Over the last years AMIGO has demonstrated a good intuition for interesting cardgames, and amongst their small-boxed releases evergreens like Bohnhanza or Wizard can be found side by side with other interesting titles like Friedemann Friese's Friesematenten. This year the ranks of these games is joined by The City, a cardgame designed by Tom Lehmann, author of addictive Race for the Galaxy. Having such a well-known designer, it is no wonder that The City will be given some attention by the boardgaming public, including the fact that it has established a constant position among the top-ten games of the still running Fairplay-voting at the SPIEL '11.

Indeed, the central mechanism known from Race for the Galaxy has been recycled for The City. Thus, the game puts the players into the role of architects, and each player wants to build his own city by playing building cards from his hand. Every building card has a specific cost which must be paid in order to build it, and this payment must be made by discarding a matching amount of other building cards from the player's hand. So, the basic dilemma is once again the decision which card should be played, which cards should be kept for later, and which cards should be discarded to pay for the card played in the current turn.

As indicated, this double use of cards is known from games like Race for the Galaxy or San Juan, but apart from this basic similarity The City operates on a reduced level of rules and playing depth. Quite the opposite, the basic structure of a turn is very straightforward, since all players simultaneously chose and reveal one card to build from their hands, and then all players pay the required building costs by discarding the appropriate number of cards from their hands. After this building phase the turn is ended by the income phase, and now every player receives an income of new building cards as depicted by the income symbols and all buildings in his city. Furthermore, each player generates an amount of victory points, and here the sum once again is depicted by corresponding symbols on the building cards within each player's city.

The game gets interesting by the fact that each building belongs to up to three building categories, and these categories are business, traffic and recreational. Depending on the categories of buildings already built, the players may use the special effects depicted on some of their buildings to create nice windfall effects. So, as an example a Motorway Interchange will generate one card income plus one victory point for each traffic related symbol on a player's buildings, or a City Villa will create additional victory points for each additional City Villa within the player's city.

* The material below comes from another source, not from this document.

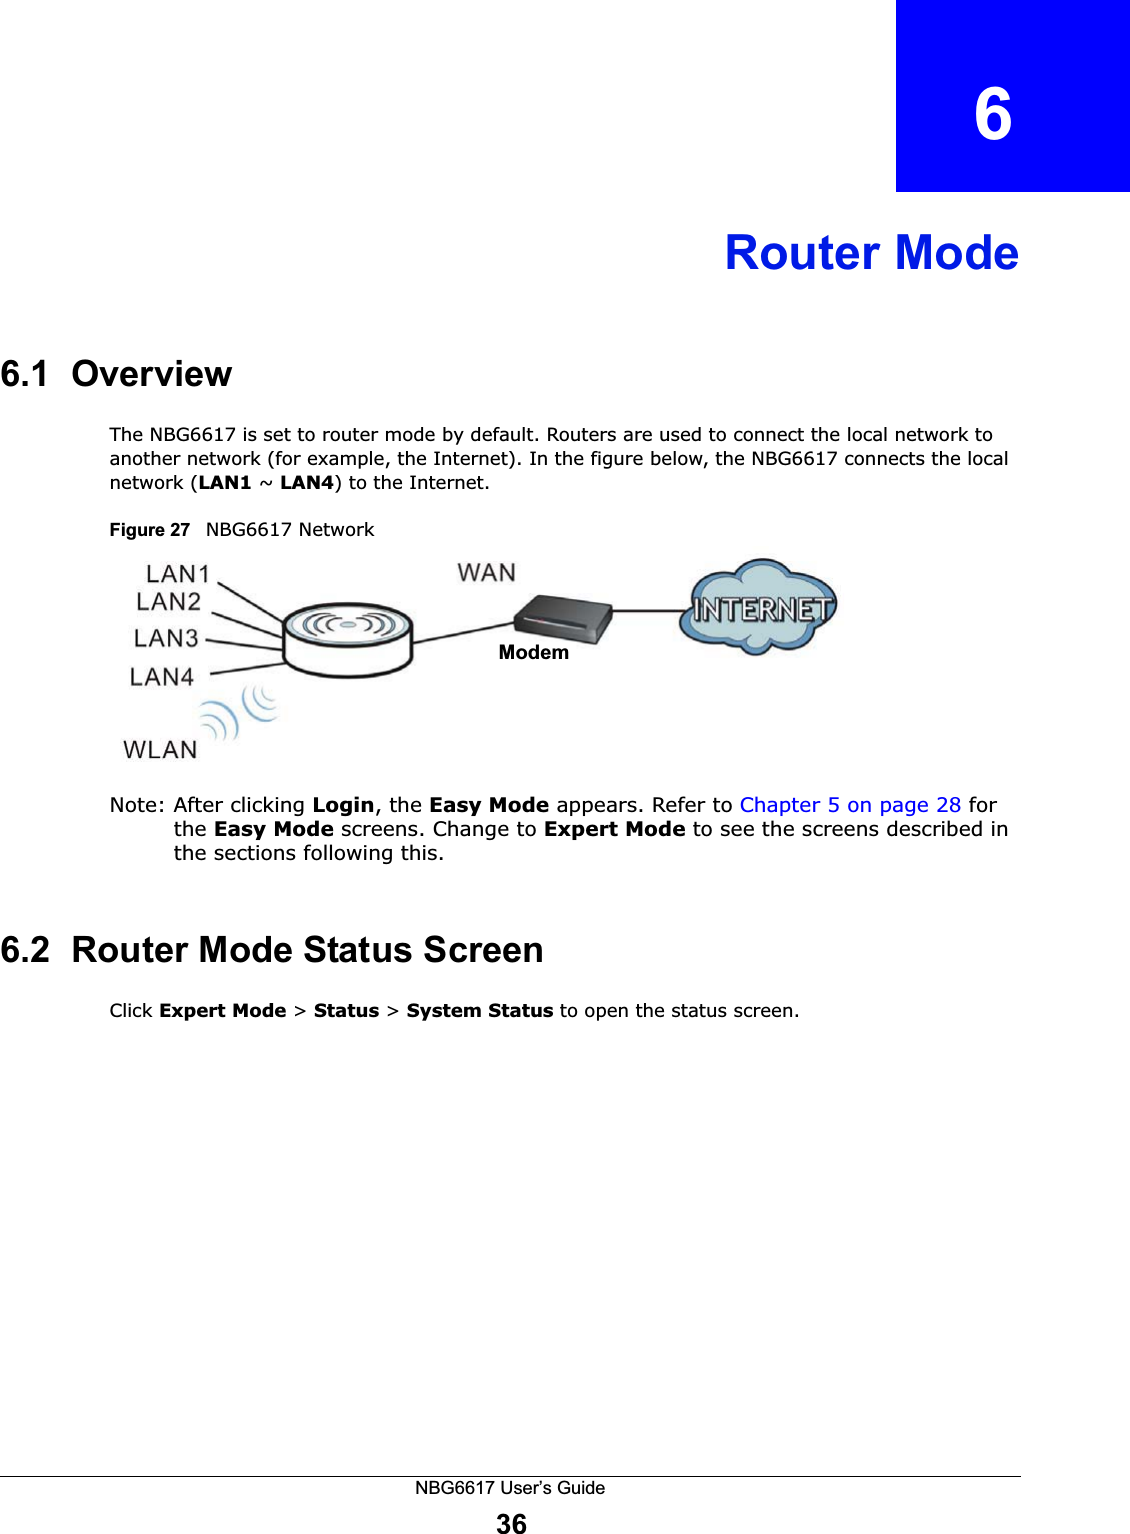 NBG6617 User’s Guide36CHAPTER   6Router Mode6.1  OverviewThe NBG6617 is set to router mode by default. Routers are used to connect the local network to another network (for example, the Internet). In the figure below, the NBG6617 connects the local network (LAN1 ~ LAN4) to the Internet.Figure 27   NBG6617 NetworkNote: After clicking Login, the Easy Mode appears. Refer to Chapter 5 on page 28 for the Easy Mode screens. Change to Expert Mode to see the screens described in the sections following this.6.2  Router Mode Status ScreenClick Expert Mode &gt; Status &gt; System Status to open the status screen. Modem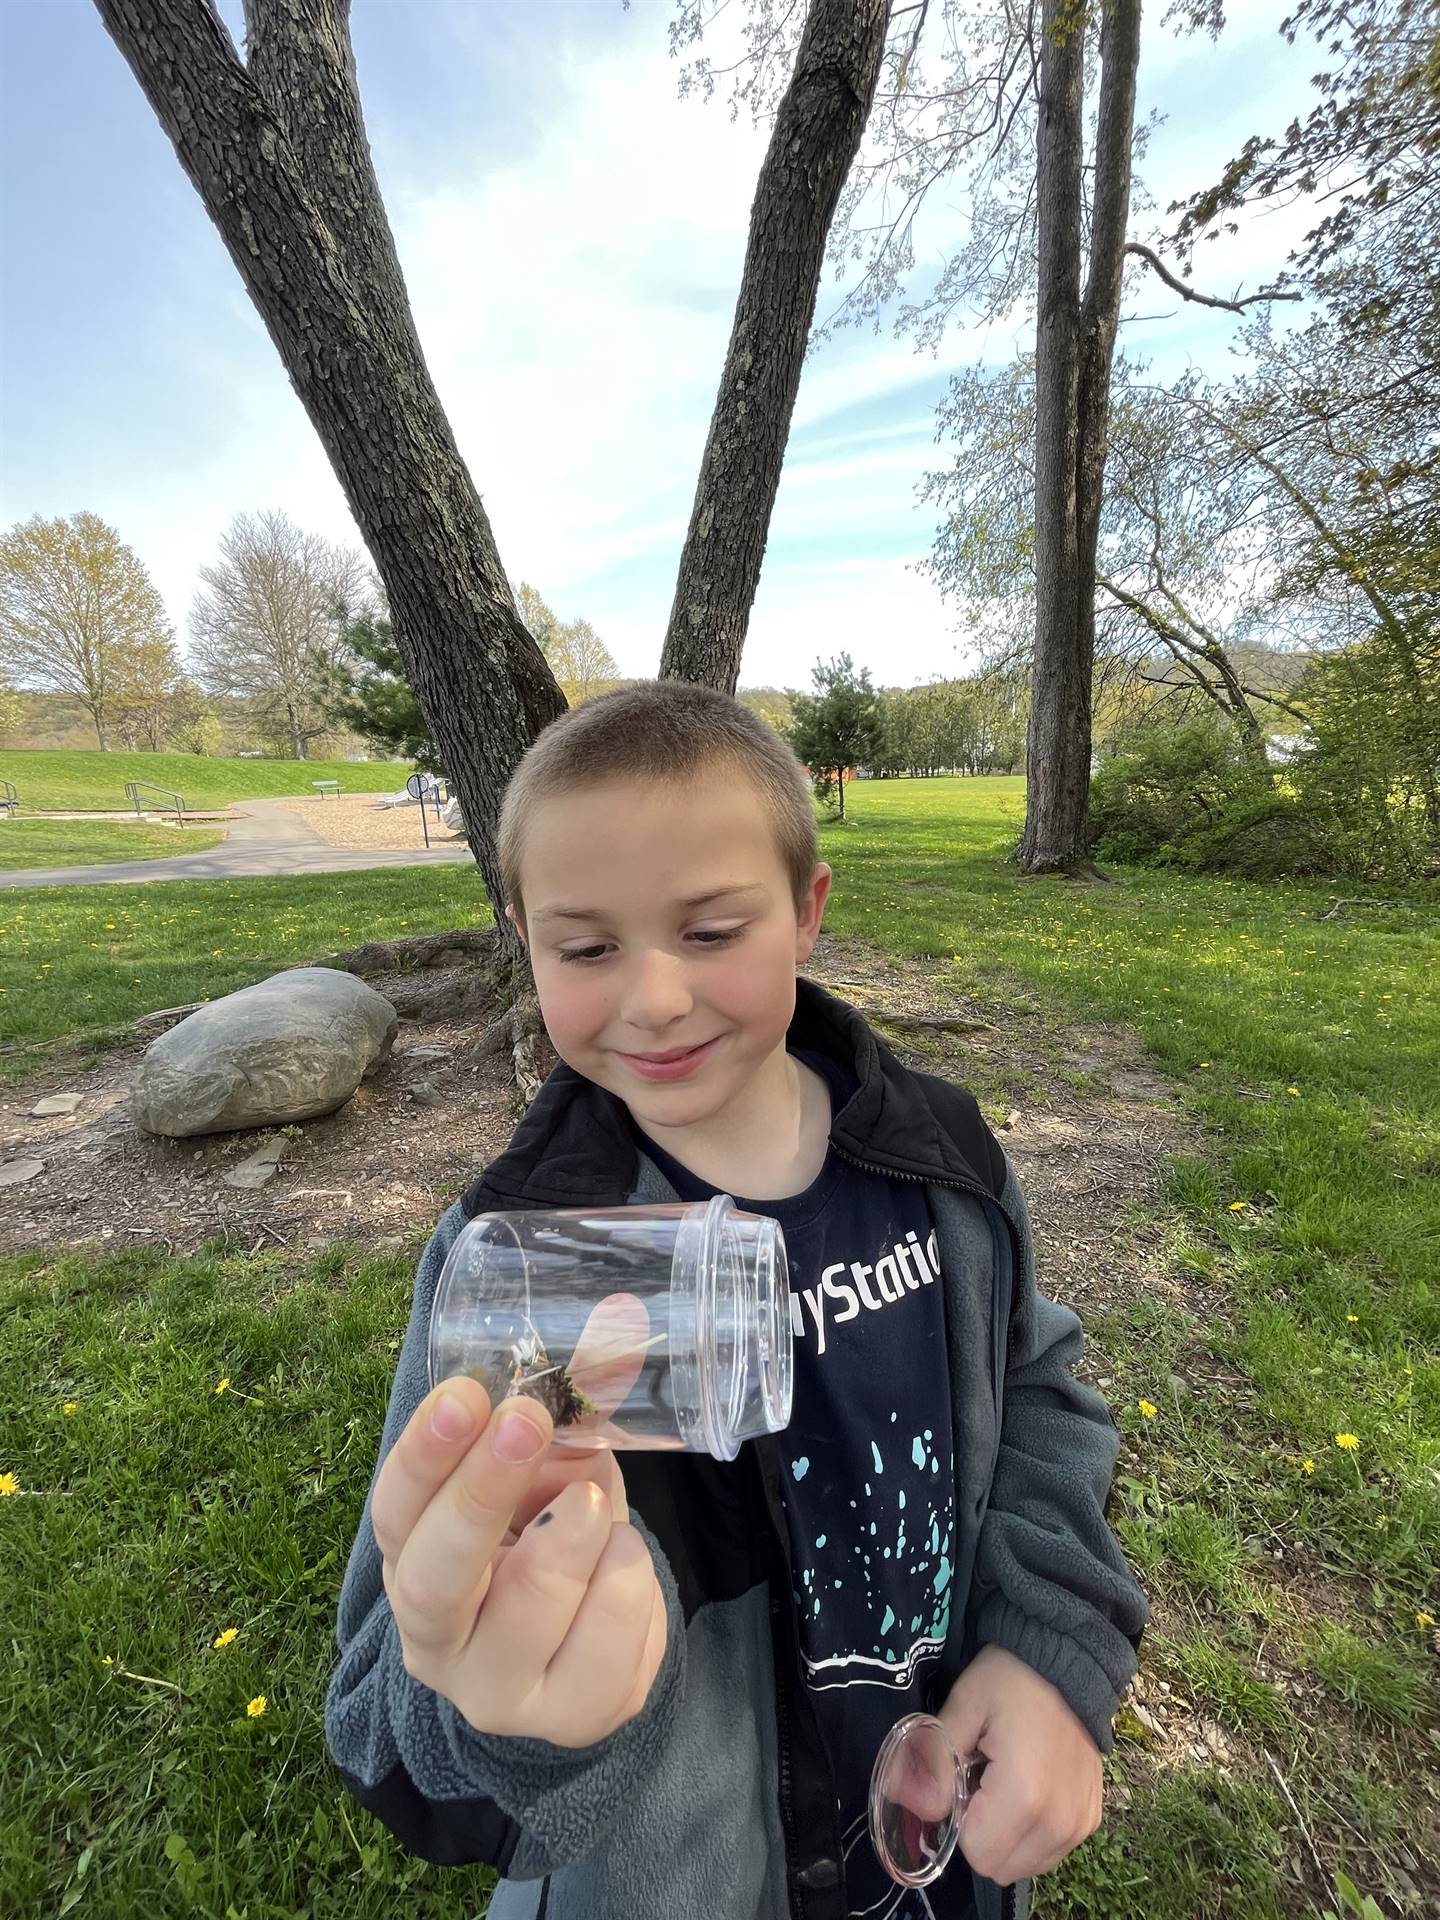 a student holds up a jar of nature items

Other cards like the Research Center bring a reduction in building costs for certain other cards, and even other buildings have a building prerequisite which must be met. So, for example, a School only can be built if a City Villa or another housing-type card can be found within the player's city.


As can be seen, there are some interrelations between the different building cards, and a small minority of cards even takes cards found in other player's cities into consideration. So, for example a Subway Network generates one victory point not only for every recreational symbol found on the player's own buildings, but in addition for every recreational symbol found on buildings owned by one other player. However, apart from these very superficial relations all players work on their own, and so there is no real interaction between the players and their individual cities.

As an interesting observation, the reduced scale of The City seems to make a higher level of interaction expendable. The game is played until the round when at least one player has accumulated 50 victory points, and the player with most points at the end of this round will be declared winner. On the relatively short way towards this aim (approximately 20 minutes playing time), the players seem to be perfectly happy with the optimization task they are facing within their own city. Competition is fired by the fact that the game runs over a very limited number of turns, and so the players are satisfied by simply watching the progress made by the others and deciding whether it could be wise to wait for the possibility to play a costly but valuable building or whether a more direct approach with cheaper buildings might be wiser.

Thus, despite the initial differences, The City offers a playing rhythm which is comparable even to its bigger brother Race for the Galaxy. It compensates a reduced playing depth with a much easier playability especially for newcomers, and even seasoned veterans of build-and-development games should enjoy this fast-paced newcomer because of the refreshing approach chosen for a well-known topic. In a way, the The City is much more earthbound than its intergalactic brother, but due to the very reduced scale the approach chosen offers a high attractiveness on its own. All in all, a very interesting game for a quick interlude between two meaty titles or for adding a nutshell building-game to your holiday luggage.